Chris Armstrong, LINK Research Associate
Jeremy de Beer, University of Ottawa
Erika Kraemer-Mbula, University of Johannesburg
Mieka Ellis, Open African Innovation Research (Open AIR)

Abstract
This article explores the current modalities at play in respect of institutionalisation and informal innovation within maker communities in South Africa. A national scan in 2016-17 generated data on more than 20 maker communities across South Africa. The data provide insights into a number of management, spatial and activity variables present in the practices of the maker communities and their members. This article focuses on two of the dimensions found to be present when looking across the management, spatial and activity variables: institutionalisation and informal innovation. Institutionalisation is conceptualised as resulting in, and from: (1) formalisation of maker communities’ practices; (2) partnerships between maker communities and formal organisations; and (3) embedding of maker communities in formal organisations.

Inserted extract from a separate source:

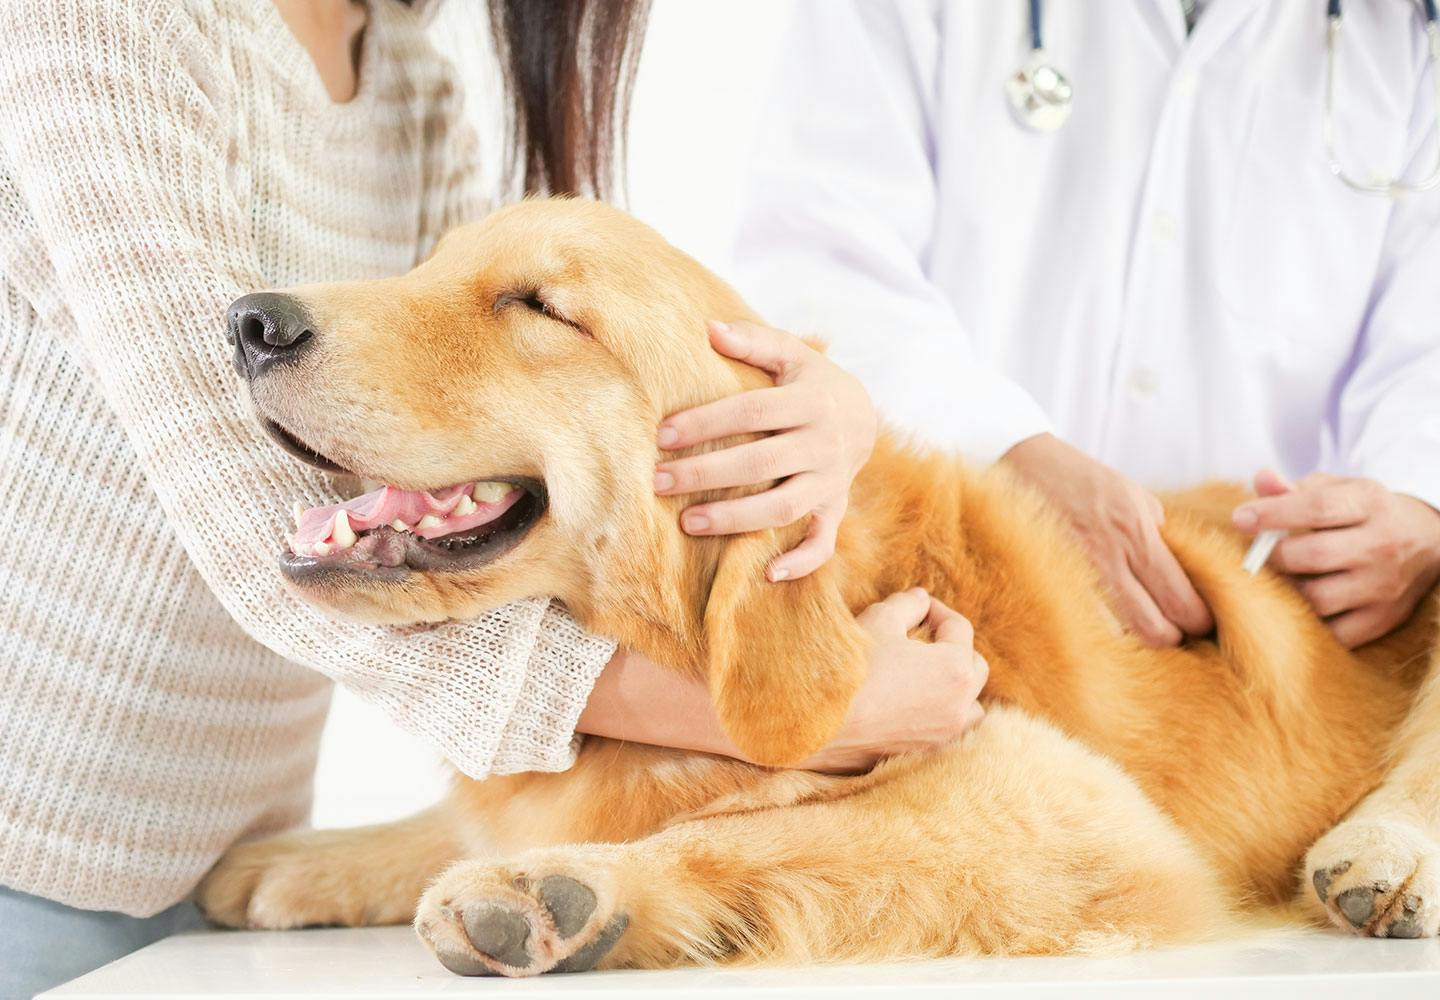 犬の下痢の原因とは 病院に行くべき危険な症状や対処法 日常生活での予防策などについて解説 獣医師監修 Illness 病気 わんクォール

Informal innovation is conceptualised as manifesting in: (1) constraint-based innovation; (2) incremental innovation; (3) collaborative innovation; (4) informal approaches to knowledge appropriation; and (5) innovation in informal networks/communities in informal settings. Our data show that since the emergence of the maker movement in South Africa in roughly 2011, there has been an increase in institutionalisation of, and within, maker communities. At the same time, we find that there continues to be a strong spirit of informality in the communities, with most of the communities, including the relatively more-institutionalised ones, actively seeking to preserve emphasis on informal-innovation modalities. Our conclusion is that, in the present stage of evolution of the South African maker movement, elements of institutionalisation appear be largely offering synergies, rather than tensions, with the ethos of informal innovation. Such synergies are allowing South African maker communities to play an intermediary, semi-formal role, as mediating entities between formal and informal elements of the country’s innovation ecosystem.

Keywords
maker movement, South Africa, maker communities, innovation, institutionalisation, formalisation, informal innovation, constraint-based innovation, incremental innovation, knowledge appropriation, informal networks, informal communities

Recommended citation
Armstrong, C., De Beer, J., Kraemer-Mbula, E., & Ellis, M. (2018). Institutionalisation and informal innovation in South African maker communities. Journal of Peer Production (JoPP), 12, 14–42.